=== GIVEN INFORMATION ===

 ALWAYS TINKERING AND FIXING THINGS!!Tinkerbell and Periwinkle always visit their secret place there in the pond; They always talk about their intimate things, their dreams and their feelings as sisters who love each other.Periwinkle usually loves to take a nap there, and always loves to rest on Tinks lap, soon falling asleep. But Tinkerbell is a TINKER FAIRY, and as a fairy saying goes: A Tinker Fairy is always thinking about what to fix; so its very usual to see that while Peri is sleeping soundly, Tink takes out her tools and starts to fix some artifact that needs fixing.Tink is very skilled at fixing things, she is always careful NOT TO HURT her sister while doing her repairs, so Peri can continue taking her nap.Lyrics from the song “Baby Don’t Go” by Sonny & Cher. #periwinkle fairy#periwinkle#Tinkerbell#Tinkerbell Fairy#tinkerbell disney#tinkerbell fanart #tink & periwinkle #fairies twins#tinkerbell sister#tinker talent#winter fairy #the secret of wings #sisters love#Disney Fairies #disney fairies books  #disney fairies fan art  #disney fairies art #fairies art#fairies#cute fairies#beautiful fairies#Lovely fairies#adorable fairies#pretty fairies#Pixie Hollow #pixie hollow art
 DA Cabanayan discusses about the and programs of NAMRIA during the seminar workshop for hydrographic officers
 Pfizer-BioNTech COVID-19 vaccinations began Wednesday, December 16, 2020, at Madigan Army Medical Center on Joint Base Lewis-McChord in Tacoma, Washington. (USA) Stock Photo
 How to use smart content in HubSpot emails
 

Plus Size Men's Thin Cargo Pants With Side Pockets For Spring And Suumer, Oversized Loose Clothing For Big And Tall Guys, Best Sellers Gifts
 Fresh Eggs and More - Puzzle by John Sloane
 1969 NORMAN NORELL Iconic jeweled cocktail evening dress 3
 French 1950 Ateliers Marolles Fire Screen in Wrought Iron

===

**TO DO**:
Each of the entries must be set down exactly, none omitted.

**TASK OUTPUT**:
 ALWAYS TINKERING AND FIXING THINGS!!Tinkerbell and Periwinkle always visit their secret place there in the pond; They always talk about their intimate things, their dreams and their feelings as sisters who love each other.Periwinkle usually loves to take a nap there, and always loves to rest on Tinks lap, soon falling asleep. But Tinkerbell is a TINKER FAIRY, and as a fairy saying goes: A Tinker Fairy is always thinking about what to fix; so its very usual to see that while Peri is sleeping soundly, Tink takes out her tools and starts to fix some artifact that needs fixing.Tink is very skilled at fixing things, she is always careful NOT TO HURT her sister while doing her repairs, so Peri can continue taking her nap.Lyrics from the song “Baby Don’t Go” by Sonny & Cher. #periwinkle fairy#periwinkle#Tinkerbell#Tinkerbell Fairy#tinkerbell disney#tinkerbell fanart #tink & periwinkle #fairies twins#tinkerbell sister#tinker talent#winter fairy #the secret of wings #sisters love#Disney Fairies #disney fairies books  #disney fairies fan art  #disney fairies art #fairies art#fairies#cute fairies#beautiful fairies#Lovely fairies#adorable fairies#pretty fairies#Pixie Hollow #pixie hollow art
 DA Cabanayan discusses about the and programs of NAMRIA during the seminar workshop for hydrographic officers
 Pfizer-BioNTech COVID-19 vaccinations began Wednesday, December 16, 2020, at Madigan Army Medical Center on Joint Base Lewis-McChord in Tacoma, Washington. (USA) Stock Photo
 How to use smart content in HubSpot emails
 

Plus Size Men's Thin Cargo Pants With Side Pockets For Spring And Suumer, Oversized Loose Clothing For Big And Tall Guys, Best Sellers Gifts
 Fresh Eggs and More - Puzzle by John Sloane
 1969 NORMAN NORELL Iconic jeweled cocktail evening dress 3
 French 1950 Ateliers Marolles Fire Screen in Wrought Iron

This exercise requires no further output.